In 2022, efforts accelerated on this front. The European Union and Government of Germany, through GIZ’s Nexus Regional Dialogue Programme in the Niger Basin, supported the NBA and the collaborative work of the University of Ottawa, IFPRI under the NEXUS Gains Initiative, and other partners. They explored ways to build capacity on the Water-Energy-Food-Environment Nexus in the nine basin countries and developed and discussed a Nexus Guidance Document for adoption by the Ministerial Council of the NBA. The Guidance builds on the strong commitment of the NBA and the basin countries it supports to develop synergies from water and other investments for the prosperity of the basin’s population.
A draft of the Nexus Guidance was advanced and discussed during three-day workshops that took place in all nine basin countries. These workshops drew on previous meetings and also included further capacity building on Nexus analysis methodologies developed in an earlier partnership (2018-19), as well as the presentation of a nexus analysis of a nationally selected priority water infrastructure project in each of the countries. Based on the feedback received, a second draft of the guidance was developed and presented at a regional validation workshop on September 2 in Cotonou.
The Nexus Guidelines were then finalized and presented to the Authority’s Technical Committee of Experts in October, which recommended adoption by the NBA Council of Ministers. The guidance was then adopted on December 8, 2022, during the 41st ordinary session of the NBA Council of Ministers in N’Djamena, Chad, and came immediately into force. The online tools for its application are also currently under development.
This is the first-ever basin-wide adoption of a nexus guidance to support cross-sectoral collaboration and analysis and can support development of similar policies in other river basins with competing water-energy-food-environmental goals—thus it reflects the true spirit of the UN Water Decade as well as Agenda 2030.

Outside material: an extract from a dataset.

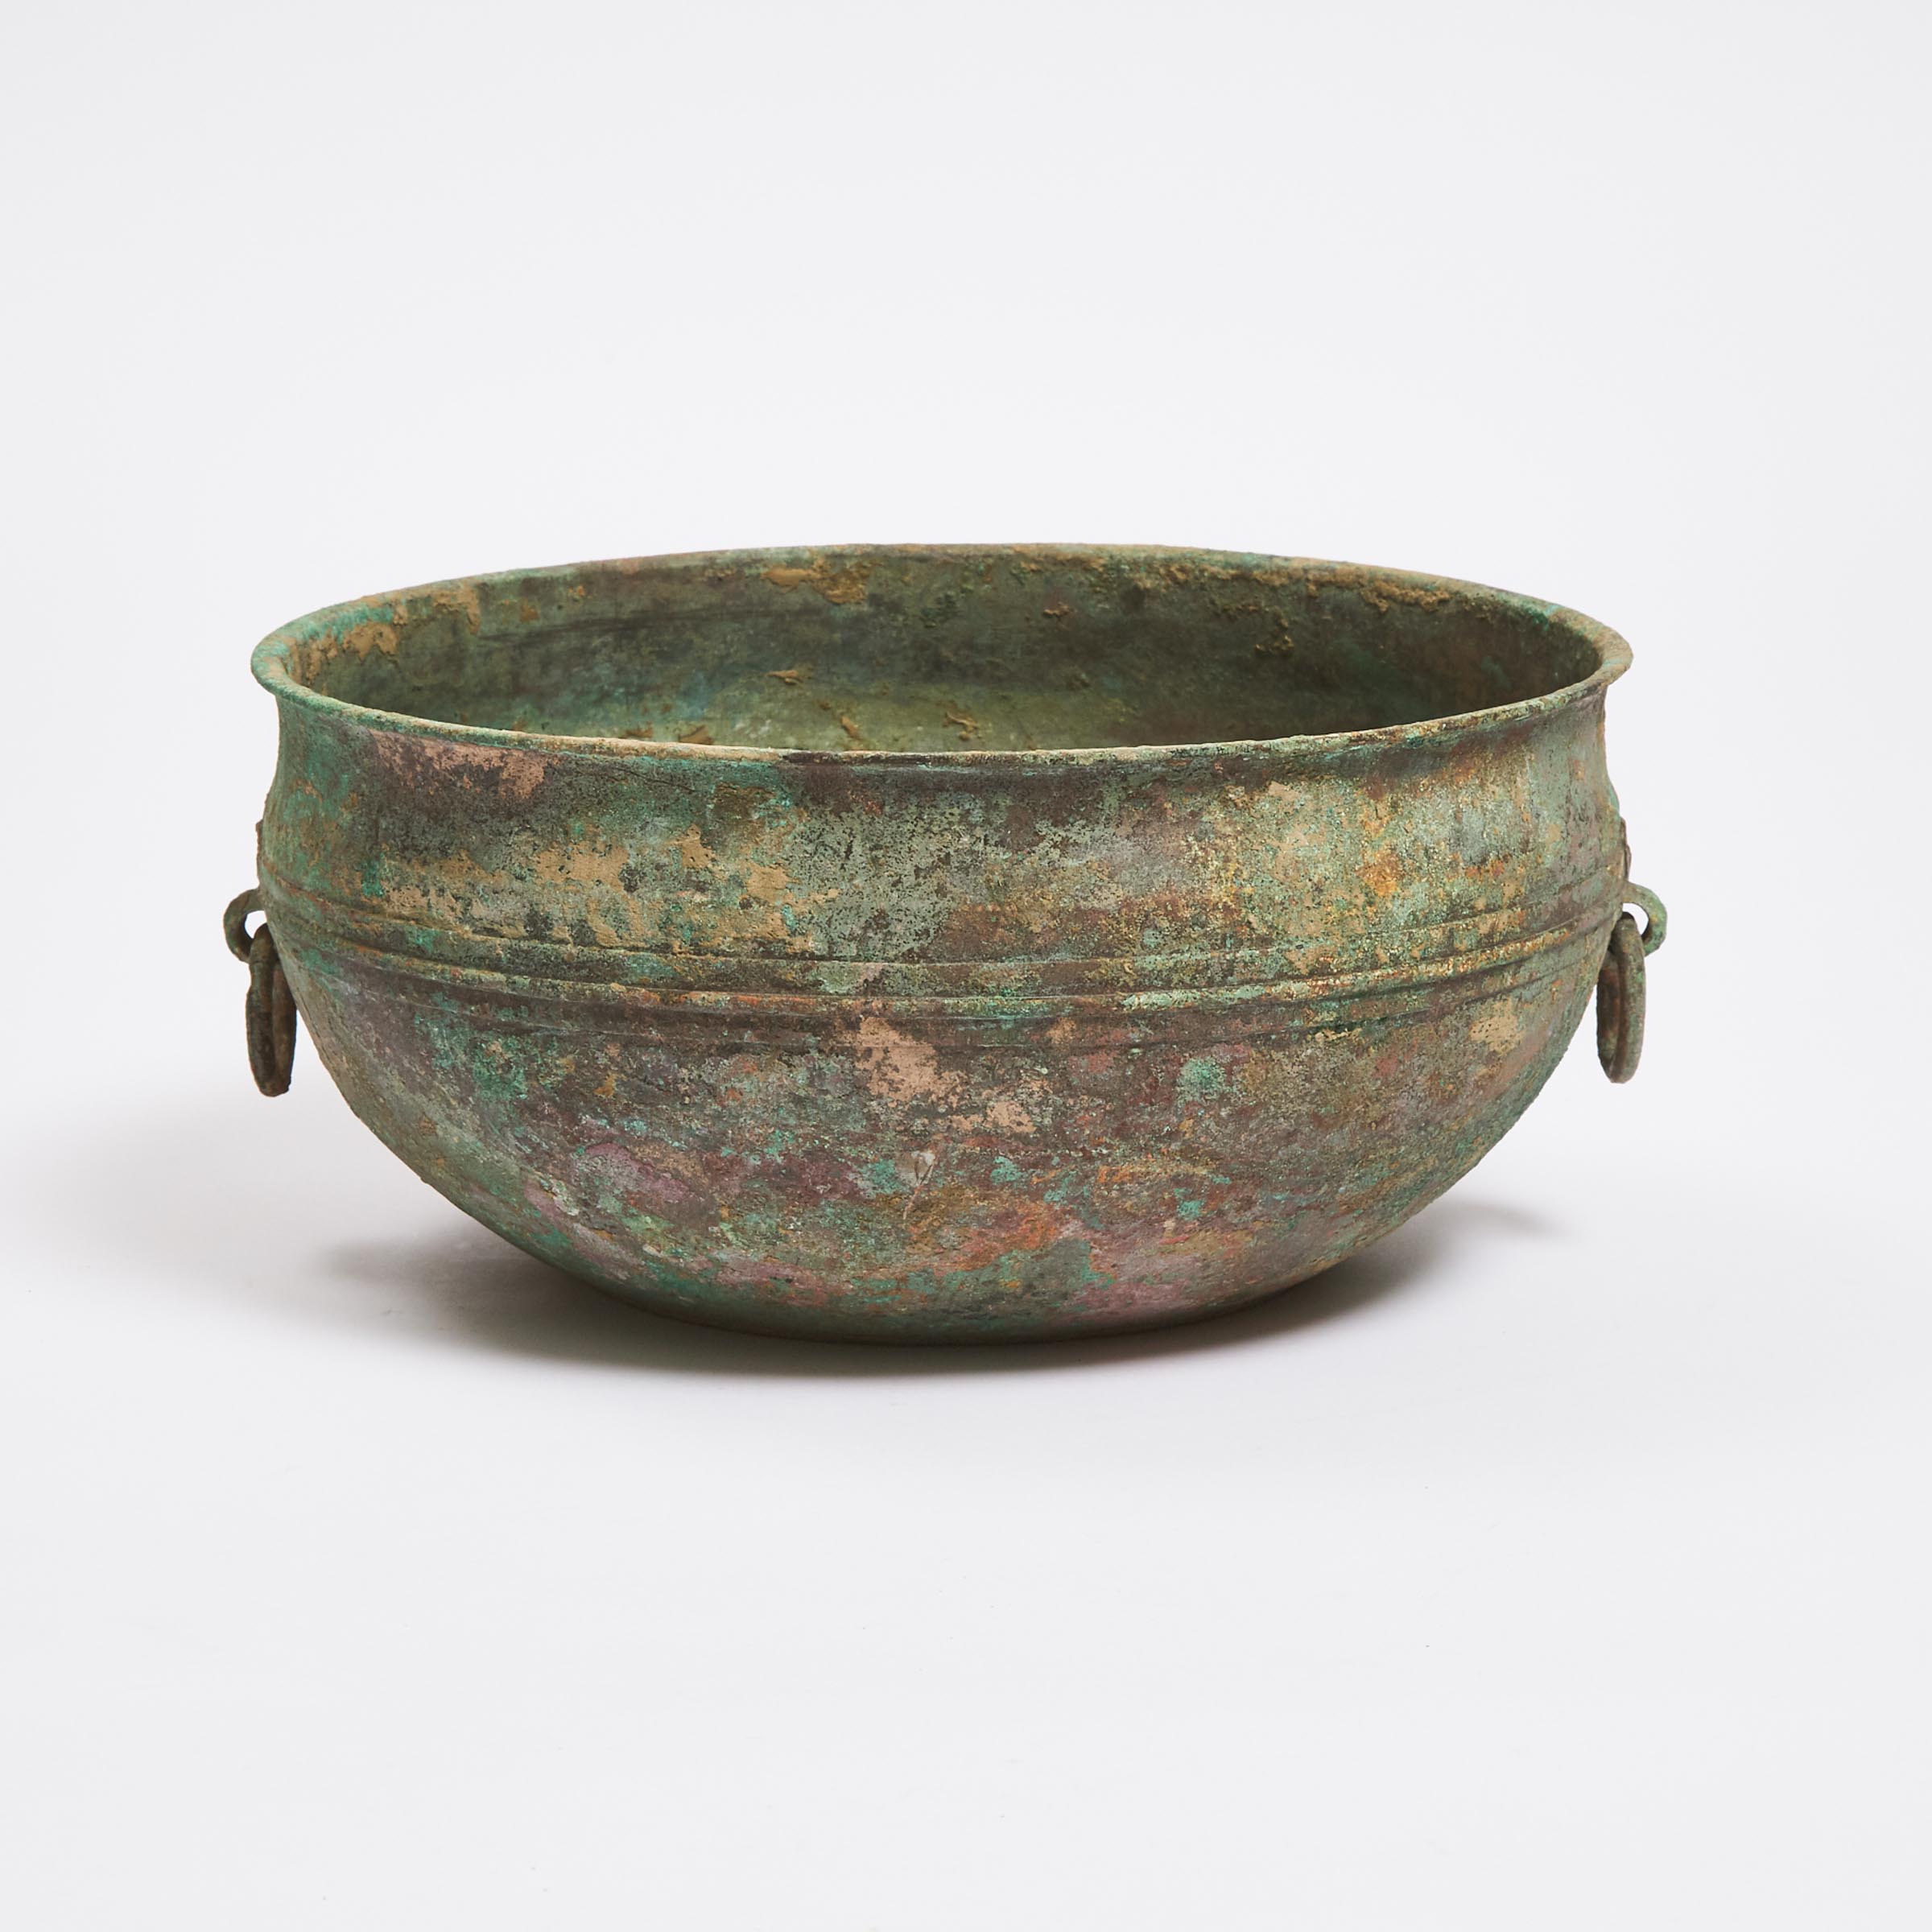 A Bronze Ritual Food Vessel, Han Dynasty (206 BC-220 AD)

The NBA thus has much to celebrate on World Water Day 2023. In less than one year, the authority passed the first ever Nexus Policy in a transboundary river basin, contributing to a true acceleration of change for improved water and associated development. Using the Guidelines can reduce the threat of adverse impacts on the basin’s shared water and land resources and save millions of dollars of investment funds while jointly meeting various Vision objectives. It can also help strengthen positive impacts and reduce cross-sectoral constraints of single-sector solutions and help identify multisector solutions.
The application of the Nexus Guidance will increase the efficiency of the use of natural resources and support the implementation and monitoring of (multipurpose) investments. If this can be achieved, the River of Rivers—thought to be the original meaning of the name Niger—will continue to enhance water, food and energy security and environmental sustainability for generations to come.
Niandou Mounkaila is the Technical Director of the Niger Basin Authority; Ousmane Seidou is the Director of the Hydraulics Lab and Associate Professor at University of Ottawa; Claudia Ringler is a Senior Research Fellow in IFPRI’s Environment and Production Technology Division; Robert Krefeld leads the German Agency for International Cooperation GmbH (GIZ)’s engagement on the Nexus Regional Dialogue Programme in the Niger Basin.